Creation is a miracle because it is a product of God’s very life as Trinity, a community of mutual love and joy that embraces difference, and yet remains bound together in affection and unity.  And when we “go” out, as Jesus commands us here, we go out with the same truth, wonder, joy, and love that he demonstrates to us in his own life.  We go out with the antidote to the cancer that is strangling people, which is the good news that God is love, all things are made in love, therefore everything belongs, especially you.

IV.

One of the more amazing things about this passage is where the disciples are up there on a mountain worshiping the risen Jesus, and it says “some doubted.”  The Greek doesn’t even have the word “some,” meaning that perhaps there was some doubt in all of them.

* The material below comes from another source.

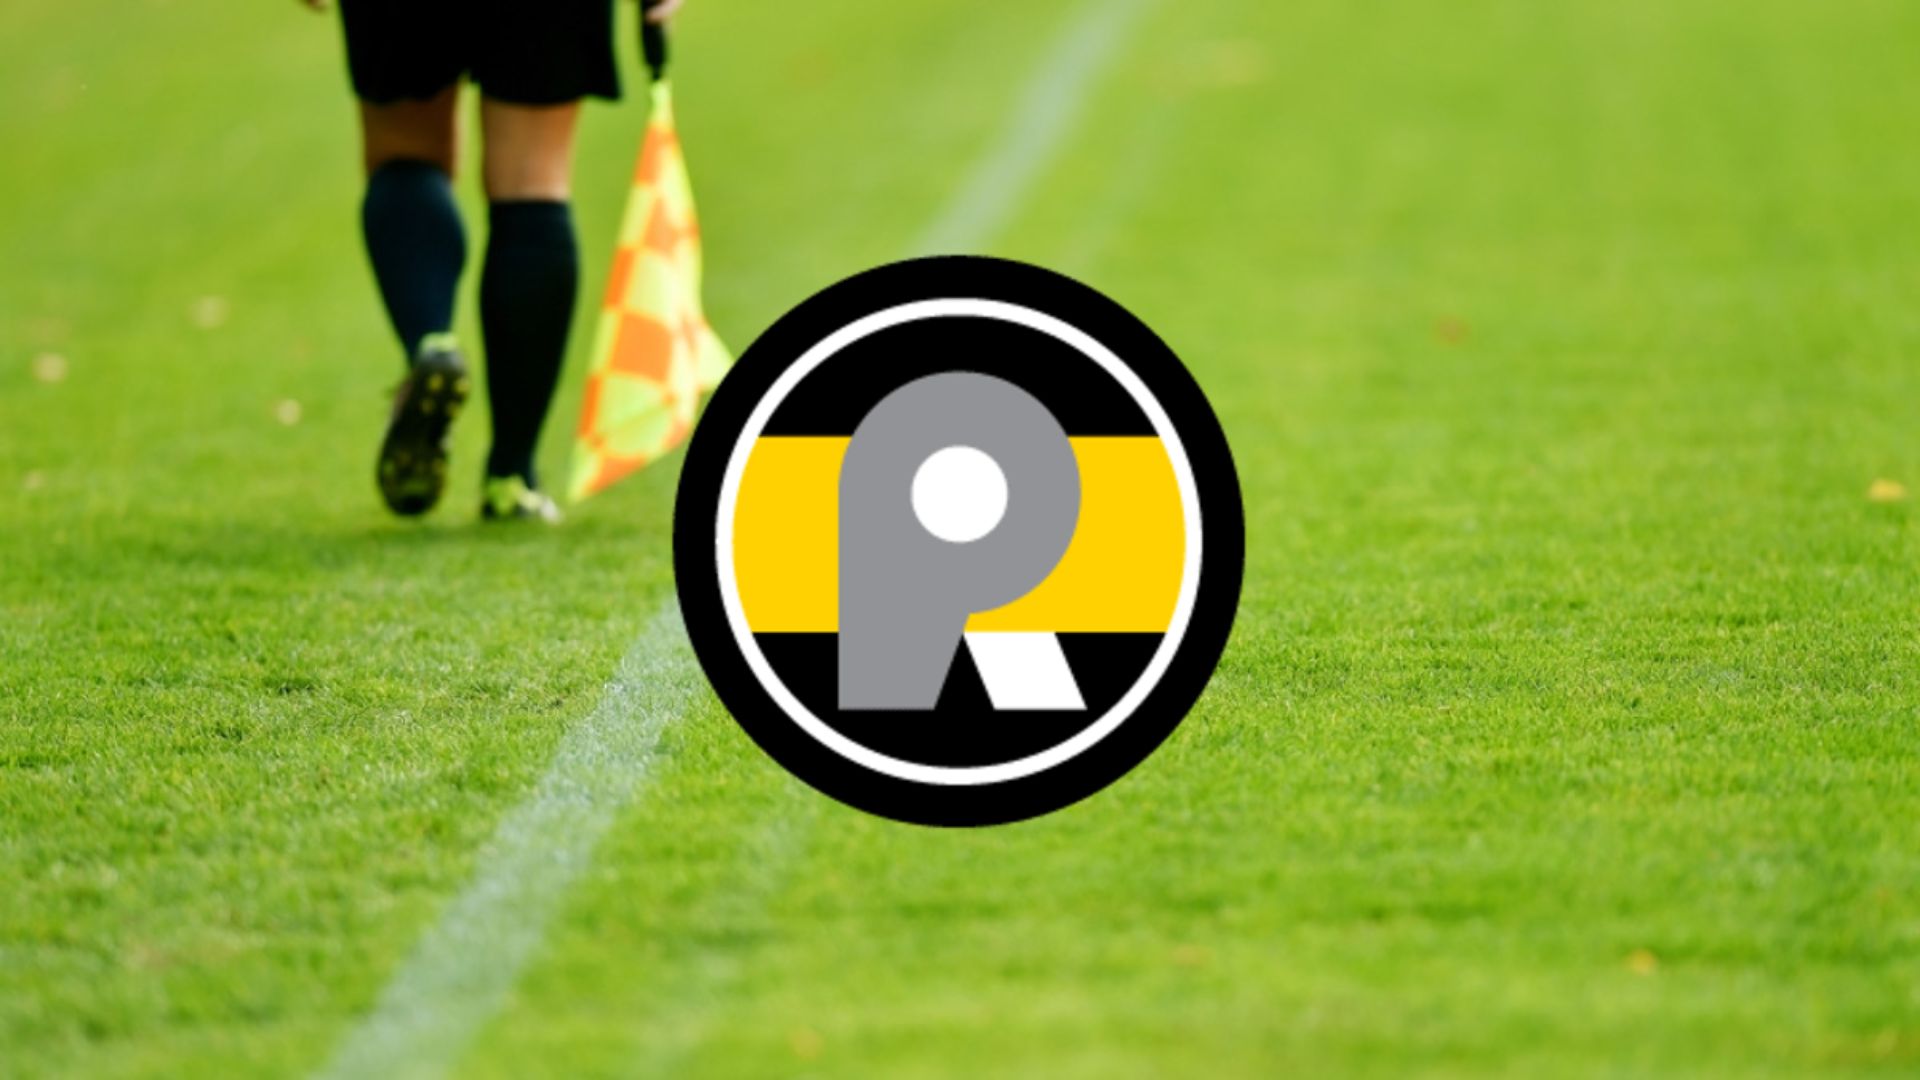 Refr Sports Secures $535,000 in Pre-Seed Funding
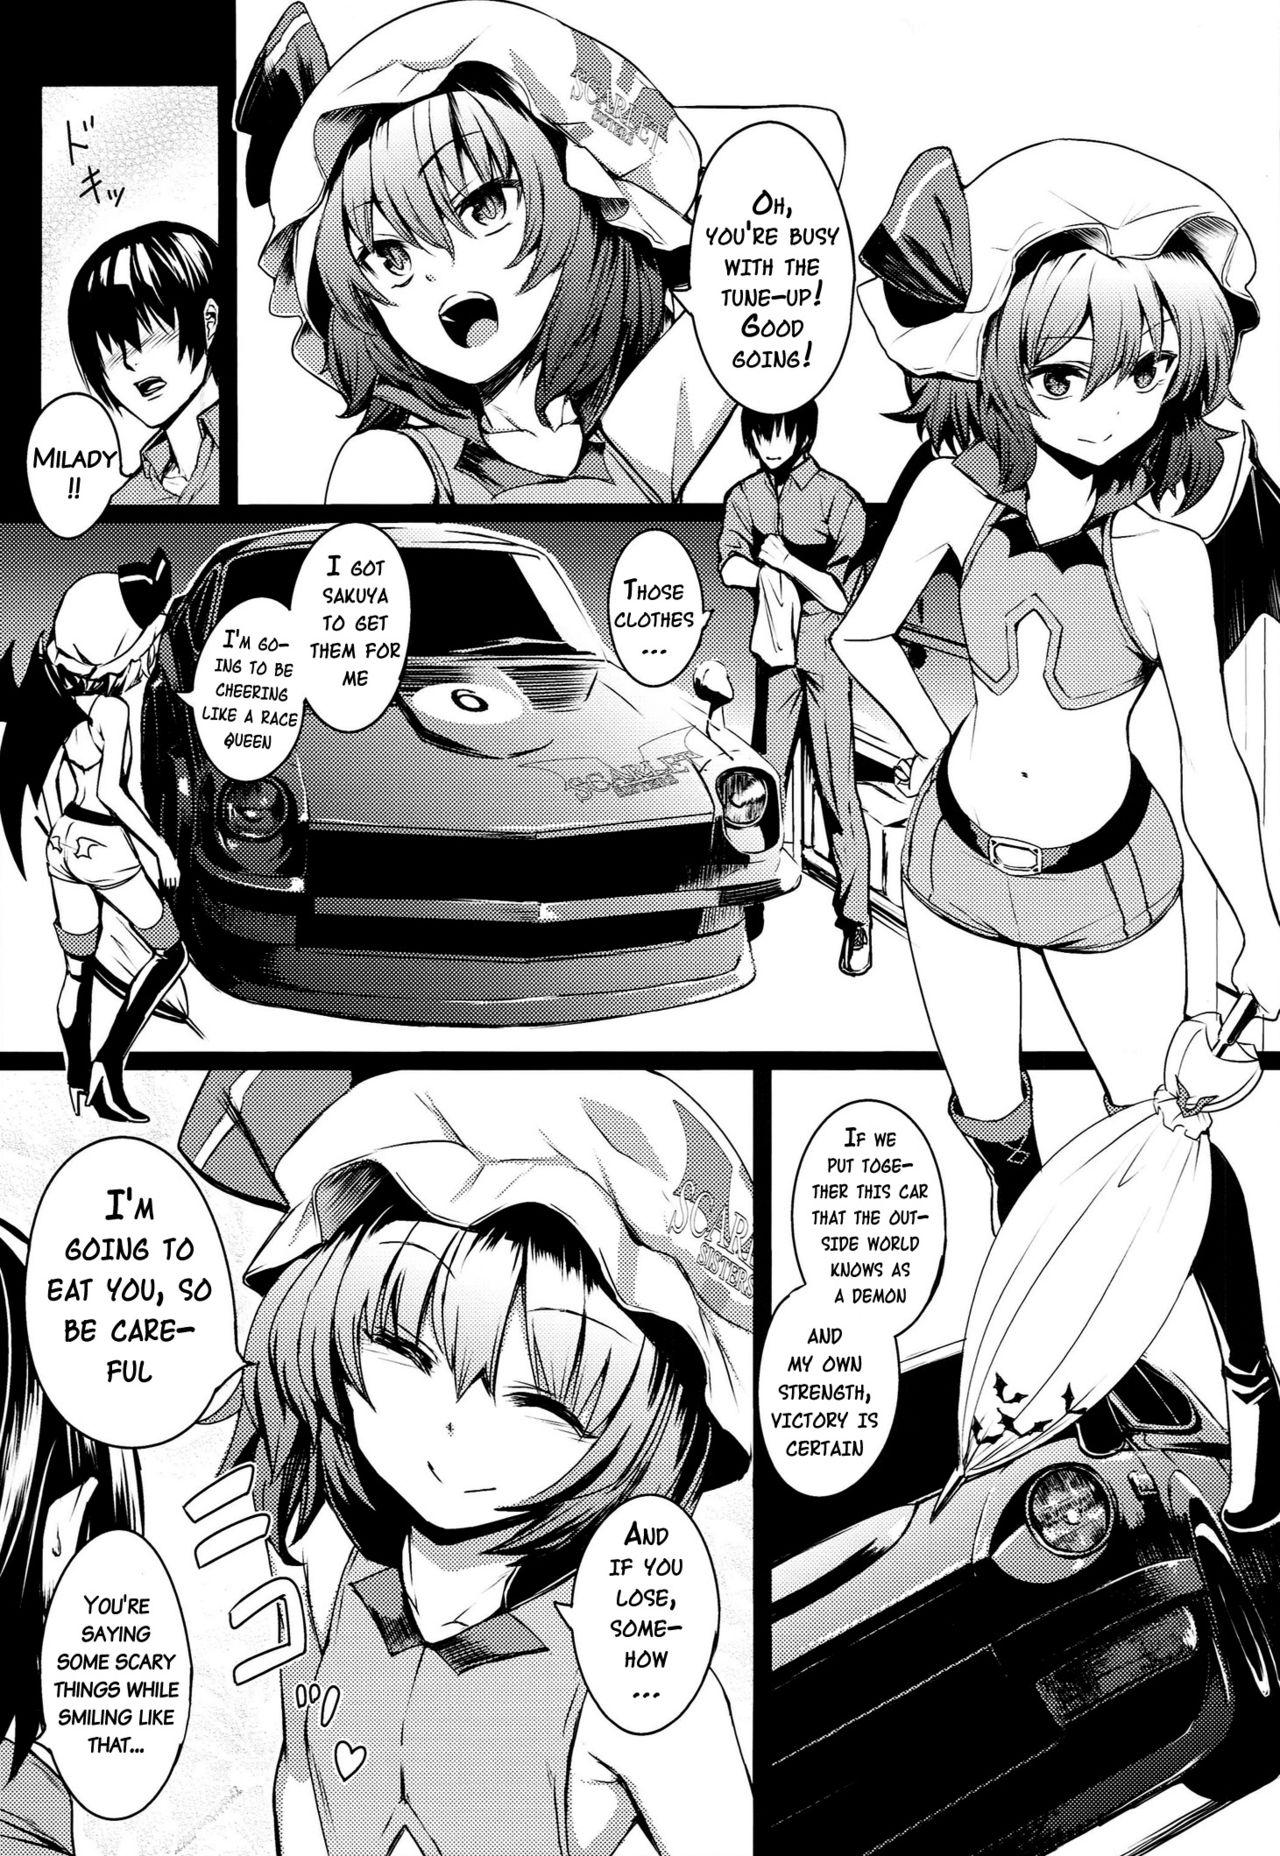 Amature Sex TOUHOU RACE QUEENS COLLABO CLUB - Touhou project Teen Hardcore - Page 4

And yet, they worship.  They don’t wait until they had established absolute, unassailable certainty before they worship.  And Jesus doesn't wait until they are perfect spiritual masters before he sends them out.  Because ultimately it’s not up to them.  He promises to be with them himself always and forever!

Our doubt, our weakness, our confusion don’t matter.  We’re on the Way, meaning that we are not there yet… because in the Trinity there is never a time when we’re there and it’s done.  God’s love flows forever.  The one God is the three and flow among the three.  And our job is to worship, and then, to encourage people to join us in following God’s Truth, revealed in Jesus by obeying what he commands us, which is love, compassion, acceptance, joy, and peace.